Importantly, legal rights claimants must elect to take their legal rights. Claiming legal rights means giving up any benefit under the will in respect of the moveables — a claimant cannot take both. In practice, adult children often waive legitim in favour of an older surviving parent. But it is their right to claim, and some do.
Prior rights: the surviving spouse's first priority
Before legal rights are calculated, the surviving spouse is also entitled to prior rights from the intestate estate (assets not covered by a valid will):
- The dwellinghouse (or value up to £473,000, if the house passes by will separately)
- Furniture (up to £29,000)
- Financial provision (£50,000 if survived by children; £89,000 if not)
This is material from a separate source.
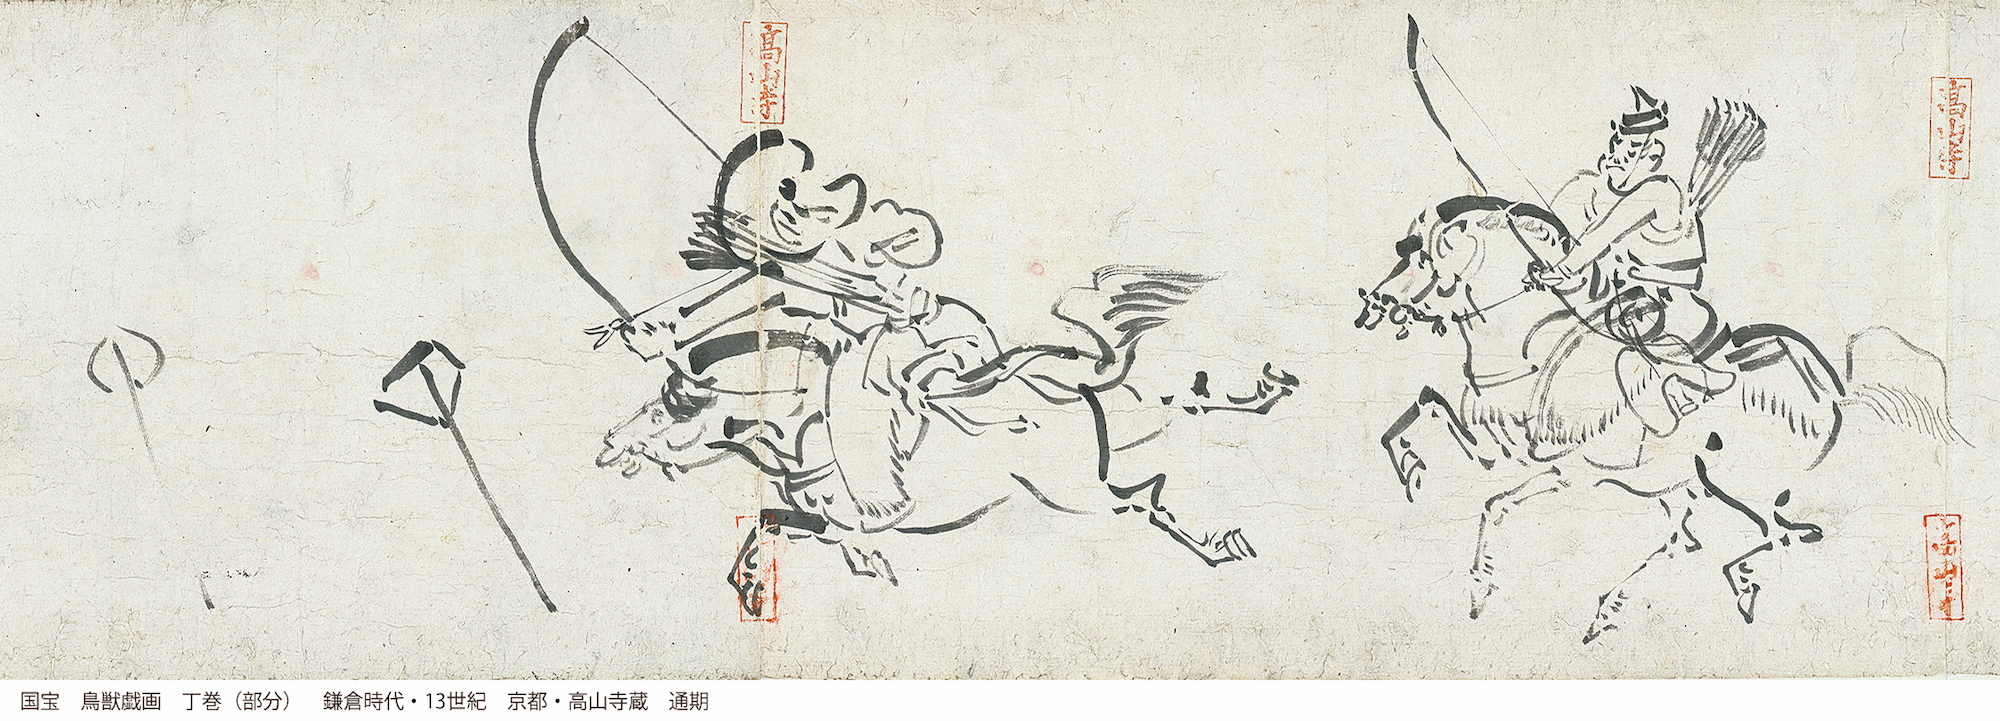 国宝　鳥獣戯画　丁巻（部分）　鎌倉時代　13世紀　京都・高山寺　通期

Prior rights come before legal rights in the queue. This matters for ISA inheritance planning: if the estate is entirely covered by a valid will (house to spouse, ISA to spouse, etc.), prior rights don't apply. If there's no will, prior rights can consume a significant portion of the moveable estate before legitim is calculated.
⚠️ Get Scottish legal advice: The interaction between prior rights, legal rights, and the will in a Scottish estate is fact-specific and can be complex. The figures above may change — prior right amounts are uprated periodically by Scottish Ministers. Always confirm current figures with a solicitor registered with the Law Society of Scotland.
How legal rights interact with ISA inheritance
Here is the complication that English-focused ISA guides miss: if an ISA holder dies and adult children claim legitim, the ISA holdings are part of the net moveable estate on which legitim is calculated.
Worked example
Suppose the deceased has:
- A Stocks and Shares ISA: £200,000
- A bank account: £50,000
- A house (heritable property): £300,000 (passes directly to spouse under will)
Net moveable estate = £200,000 + £50,000 = £250,000 (the house is heritable and not included)
If the will leaves everything to the spouse, but there are two adult children who choose to claim legitim:
- Legitim = 1/3 × £250,000 = £83,333
- Each child gets £41,667
This means the spouse does not inherit the full £250,000 moveable estate — they inherit £166,667 after legitim is satisfied.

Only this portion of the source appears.